Everything, All At Once.
A time-out would be nice, but the moon and the stars will have to do.
Right on cue, first thing Wednesday morning, Farmer barfed. Not just barfed – spewed bloody sputum all over the carpet.
This would have been funny, given the timing. (It’s not clear whether or not Farmer had been secretly watching the election returns on Pet TV.) But of course, it wasn’t. Wasn’t funny. None of it.
At this point, we have our vet on speed dial. She has designated herself Farmer’s palliative-care-giver since we stopped chemo a while ago. We are very grateful. She keeps telling us that Farmer is not in pain, and that as long as he is eating, walking, etc., it isn’t “time.” Yet I spend all day with this guy, and I know that the time is coming, because he talks to me about it – with his eyes, mostly. I’m trying to help him carry the load, but it’s heavy. Heavy for me, I mean, as well as for him.

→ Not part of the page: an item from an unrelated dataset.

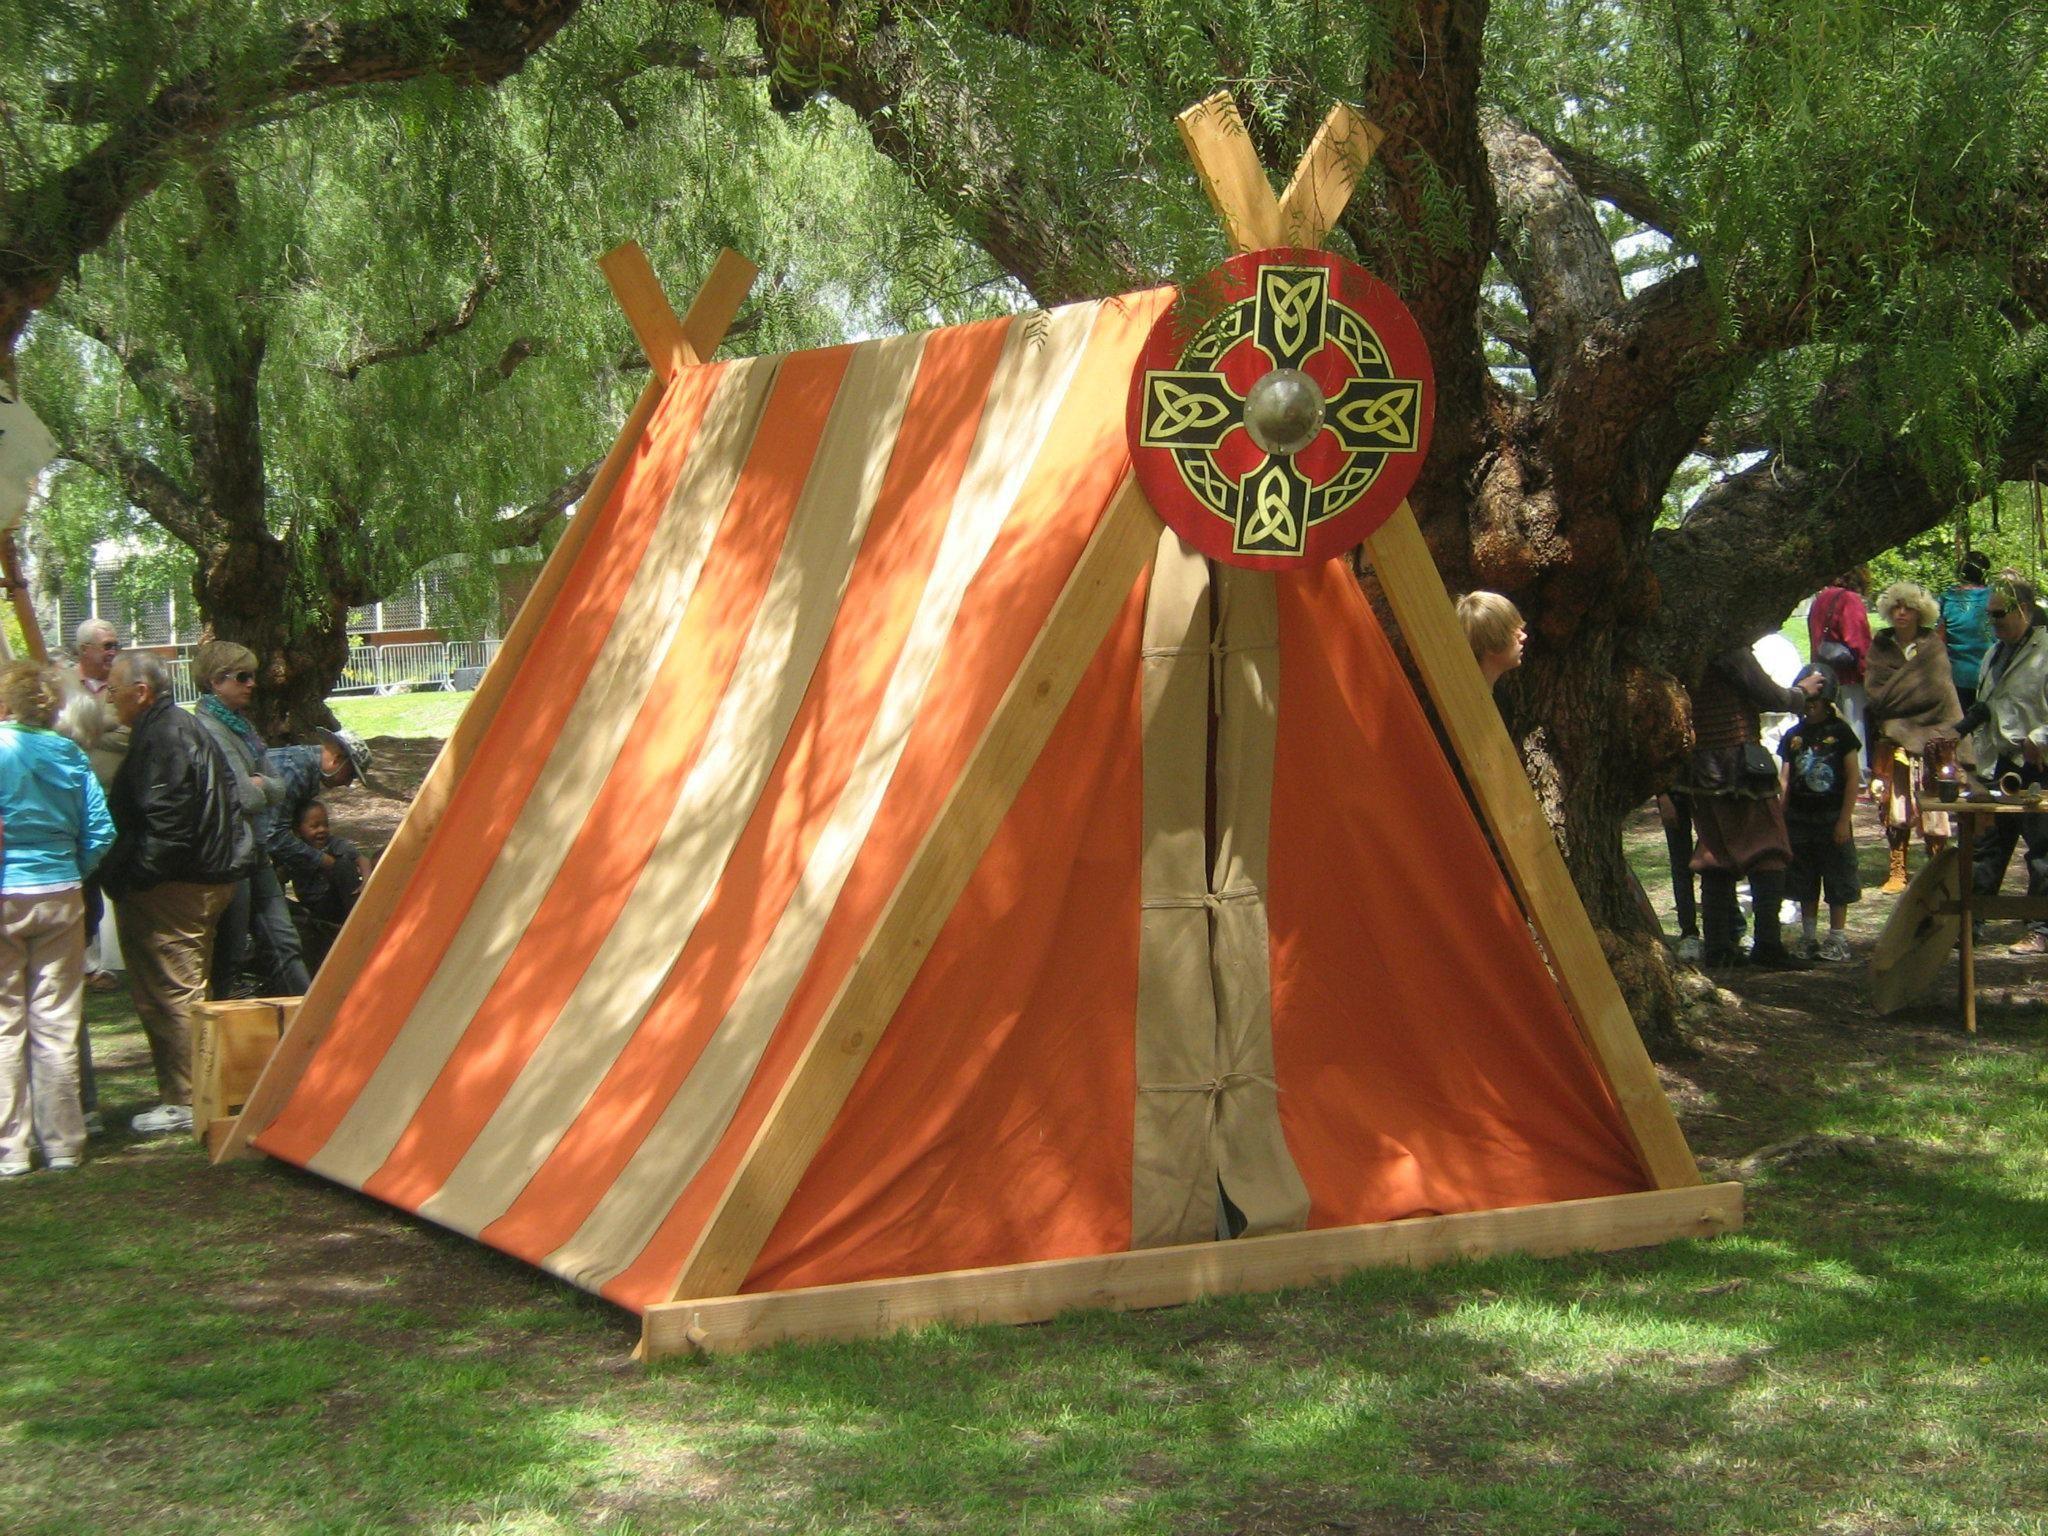 viking tent plans - Google Search & viking tent plans - Google Search | Aakre art | Pinterest ...

Currently, we are attempting to manage an intestinal infection that causes a lot of, um, regurgitation. And drool. So. Much. Drool. On Wednesday, our vet said to bring Farmer back in, and she’d keep him for the day. She’d reach into her bag of tricks (B12 shot, acupuncture, another antibiotic injection, stomach-coating medicine), take his labs again, and come up with next steps.
We drove away from the vet and straight to the woods. The Tiasquam Valley Reservation in fact. That place of magic where we go to see the dragonflies and imagine ourselves in another world.
Only this time, shortly after we got on the trail, we took a wrong turn. Of course we did! Was anyone actually operating with a functioning brain on Wednesday morning? We certainly weren’t. We went down a steep ravine, along a stone wall, across someone’s pasture, through the 100-acre wood (I think – no sign of Pooh, though) and wound up back out on Middle Road a half mile away from the parking area where our car was.